One of the most disconcerting experiences in life – at least for me – is walking into a spider’s web, especially when you realize the spider is still in the middle of it. I have danced a few frantic jigs desperately trying to rid myself of both the web and its designer.
But there’s a common fact about spiders’ webs: They’re fragile. The spider might think they’re strong enough, good for catching things like flies and moths, delicacies at Cafe la Spider. But one swat with a broom and a spiderweb is history. This is a metaphor for how some folks construct their lives around pretty flimsy stuff.
The Bible’s book of Job points this out. It tells the story of a faithful fellow named Job, going about life without causing any harm to anyone.
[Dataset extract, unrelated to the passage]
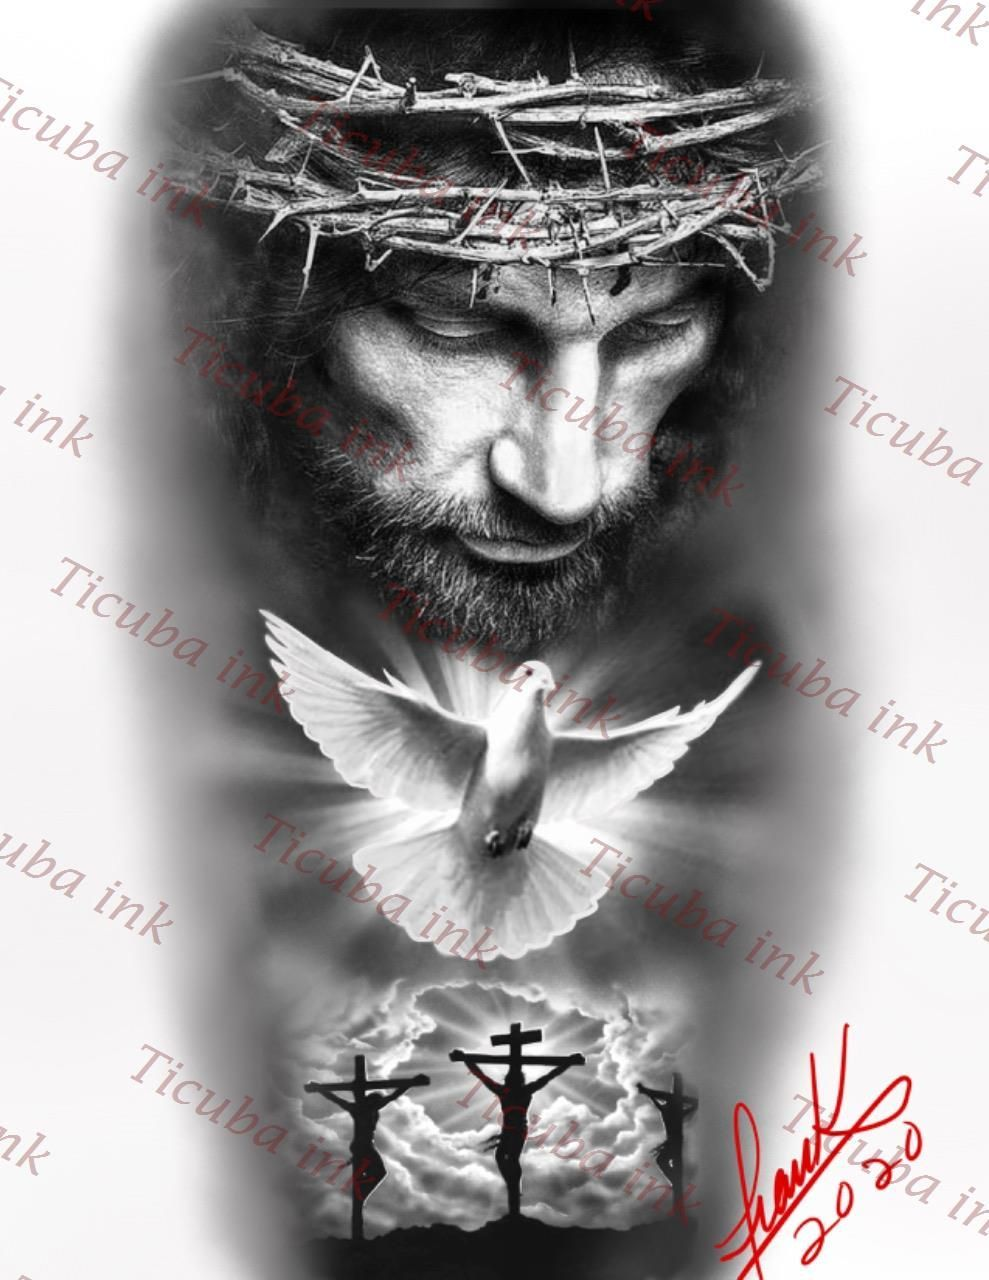 Elegir El Diseño P Not Tatuaje No Siempre Es Lo Máazines Sencillo Huh Cual Debes Considerar M En 2020 Tatuajes De Manga Religiosos Tatuajes Del Cielo Tatuaje De Jesús

Suddenly, for no apparent reason, he goes through a series of personal calamities, losing property, livestock, servants and children, and then suffering severe physical affliction. Job must have felt like a guy who’s been struck by lightning several times.
After these tragedies, several of Job’s friends arrive to console him. They sit with him silently at first, trying to show compassion by their presence. But unable to contain themselves any longer, they start offering some wise-sounding explanations for their buddy’s travails.
Even though some of what Eliphaz, Bildad and Zophar say is true, their assumptions are erroneous. Responding to the eternal question, “Why do bad things happen to good people?” they share the perspective that when bad things happen, it’s because the victims have brought the misfortune onto themselves. That’s not the message of the Old Testament book.
One of the statements by Bildad the Shuhite stands out for me, which brings us back to the topic of spiders’ webs. In Job 8:13-14, Bildad says, “Such is the destiny of all who forget God; so perishes the hope of the godless. What he trusts in is fragile; what he relies on is a spider’s web. He leans on his web, but it gives way; he clings to it, but it does not hold.”
While wrongly concluding Job’s adversities were the consequence of abandoning God, Bildad’s observations about the web’s fragility are spot-on. And its truth rings true to this day. Living in a material world, it’s so easy to trust in what we can see and touch, rather than what the apostle Paul in 1 Timothy 1:17 describes as “the King eternal, immortal, invisible, the only God.”
What are the “spider webs” we cling to – or to put it more accurately, cling to us? For starters, there’s success and achievement, making them our be-all and end-all. Fame, wealth and power can have intoxicating powers. Just about anything in life could become a “spiderweb” if it commands all of our attention and energy.
In His “sermon on the mount,” Jesus Christ used a similar analogy, referring not to spiders but to sand. “But everyone who hears these words of mine and does not put them into practice is like a foolish man who built his house on sand. The rain came down, the streams rose, and the winds blew and beat against that house, and it fell with a great crash” (Matthew 7:26-27).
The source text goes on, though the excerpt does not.